Official portrait of Barack Obama

Barack Obama just endured a round of mixed polling in Florida, and one more poll indicates he could have a tough race there. While PPP showed him with mediocre approvals but a decent lead over non-Romney opponents, Mason-Dixon and Quinnipiac were substantially more pessimistic on his approvals.

Now Suffolk University joins the fray. Their numbers are overall fairly similar to PPP's, except they show Romney edging Obama by a point instead of PPP's two-point Obama lead.

Suffolk University:

Mitt Romney (R): 43
Barack Obama (D-inc): 42

Barack Obama (D-inc): 44
Mike Huckabee (R): 41

Barack Obama (D-inc): 52
Sarah Palin (R): 34

Barack Obama (D-inc): 49
Donald Trump (R): 34

Barack Obama (D-inc): 41
Tim Pawlenty (R): 28

Barack Obama (D-inc): 45
Michele Bachmann (R): 30

Barack Obama (D-inc): 45
Newt Gingrich (R): 36

Barack Obama (D-inc): 45
Michele Bachmann (R): 30

Barack Obama (D-inc): 47
Haley Barbour (R): 26

Barack Obama (D-inc): 48
Ron Paul (R): 30

Suffolk gives him 48/44 favorables, but underwater 41/48 job approval.

Not awful numbers, but not great, either. Leading the Pawlentys and Barbours of the world is cold comfort given that they're still largely unknown. Being essentially tied with Romney, actually trailing a point, ought to indicate that a better-known GOP candidate could take Florida next fall, with a little luck.
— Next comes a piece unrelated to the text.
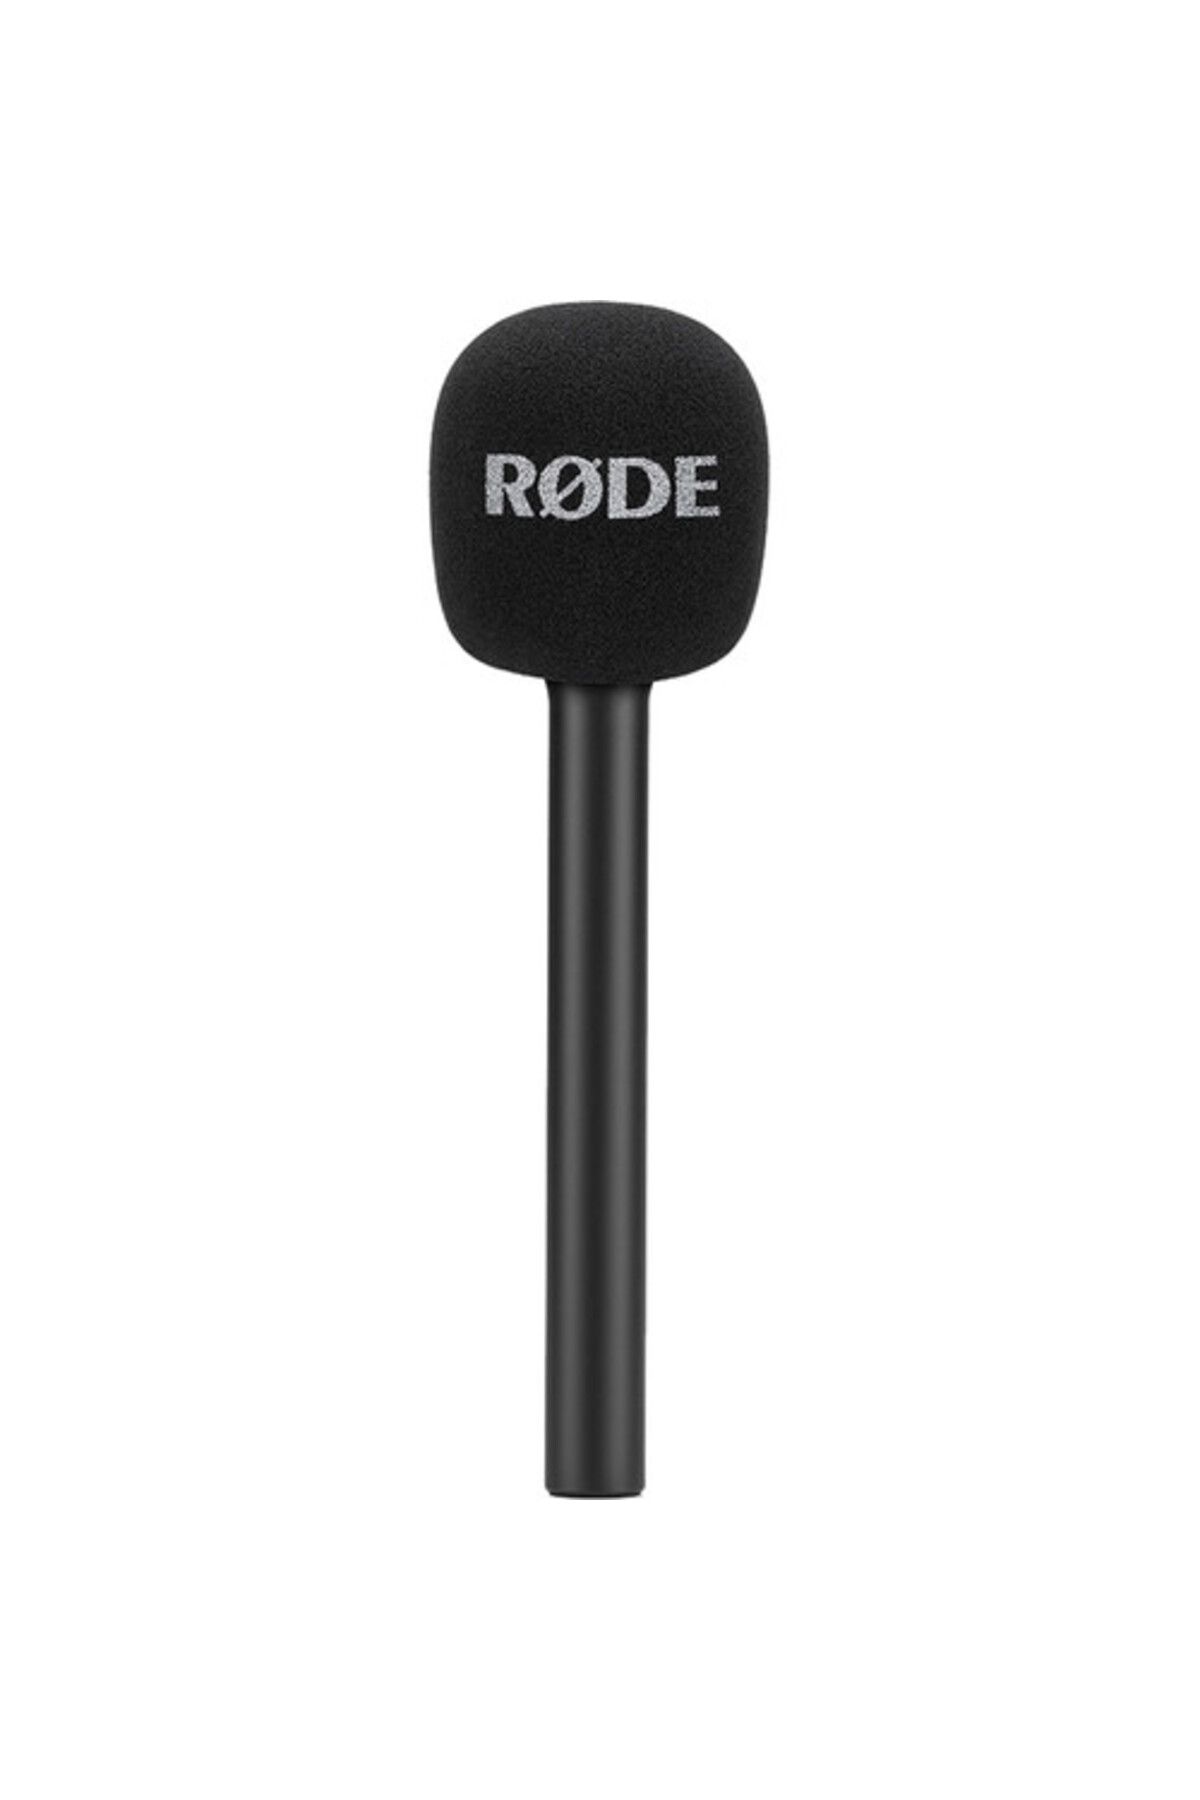 Rode Interview Go Wireless Go Için El Mikrofon Adaptörü

Florida is always a tossup state and Obama can win without it, but of substantial concern to the President should be PPP's recent poll of Pennsylvania, where he is actually down a single point to Mitt Romney:

Public Policy Polling (4/7-10, Pennsylvania voters):

Mitt Romney (R): 43
Barack Obama (D-inc): 42

Barack Obama (D-inc): 45
Mike Huckabee (R): 44

Barack Obama (D-inc): 50
Sarah Palin (R): 39

Barack Obama (D-inc): 45
Rick Santorum (R): 43

Barack Obama (D-inc): 47
Newt Gingrich (R): 39

PPP pegs his job approval at 42/52 in the Keystone State.

Again, not good. Obama doesn't need Florida to win, but he could sure use Pennsylvania, a 20-electoral-vote bedrock of the Democratic electoral strategy.

Are things as bad as all that? Probably not quite. The poll reveals an electorate more like 2010 (which reported voting for Obama by four points) than the last Presidential election of 2008 (when he won Pennsylvania by 10 points). The poll also has 21% of black voters going for Sarah Palin and Mitt Romney and at least 11% of black voters going to all of the Republicans, which seems unlikely to say the least.

Still, it's clear that President Obama has a lot of work to do in both of these key states - especially in the Keystone State, where he cruised in 2008.